Review All Relevant Background
As well as looking at the employee’s contractual documents, a thorough review of their personnel history, before starting a termination process, allows the employer to make an informed termination decision with managed risk.
For example, is there documentation to support the termination, including showing the reason for it and the employer’s attempt to tackle issues such as performance or misconduct with performance improvement plans and/or warnings? If not, then in some cases (especially for employees with 2 years’ employment or more) consider if it is necessary to delay the termination to create such a record. Alternatively, consider a negotiated exit (see ‘A Negotiated Exit’ below).
A review of the record will also reveal whether there are matters such as outstanding grievances or a history of health issues that ought to be taken into consideration.

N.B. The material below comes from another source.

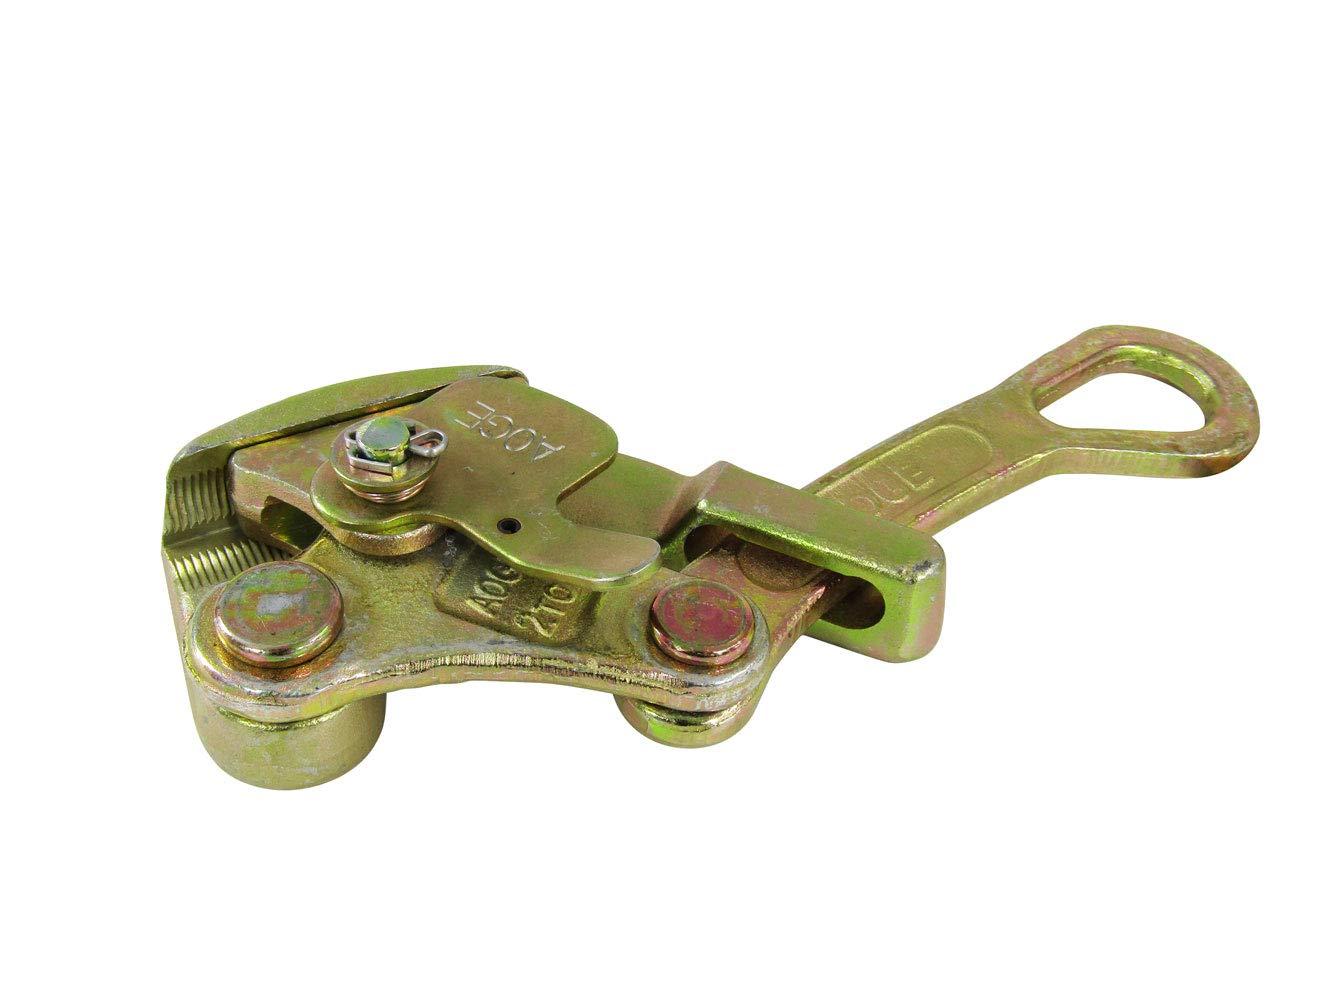 1 0.5T 1-10mm Draht-Grip Stahl Zugwerkzeug f/ür Drahtseil Kabelklemmen Draht Ziehgriff Handabzieher

If it is suspected that the employee has misappropriated company information or engaged in inappropriate use of the company’s computers or systems (eg internet use or messaging) consider whether to ‘shadow’ or monitor the employee’s computer and whether a forensic analysis should be conducted. A company policy should be in place stating that employees do not have an expectation of privacy in respect of company devices and systems. Also consider basic ‘Google’ or social media searches if concerned about an employee’s activities; it is often surprising how much is revealed. Sometimes you may need to hire an independent expert to retrieve data from your systems. If employees use their own electronic devices, consider whether and how you can remove company confidential information from them.
In most cases it will be necessary to consult formally with the employee about a proposed dismissal before the decision to dismiss is taken and communicated. Sometimes other action, for example an investigation into complaints, will also be necessary. Depending on the circumstances, it might also be necessary to consider whether to suspend the employee for a limited period and whether there is a contractual right to do so.
Consultation might sound like an onerous burden, but in fact it can usually be undertaken quickly and often eases the pain of the dismissal that follows. If there is no consultation – i.e. an employee is presented with a fait accompli (and/or there is a written record to this effect) – this might render the termination unlawful, irrespective of the merits of the underlying reason for it.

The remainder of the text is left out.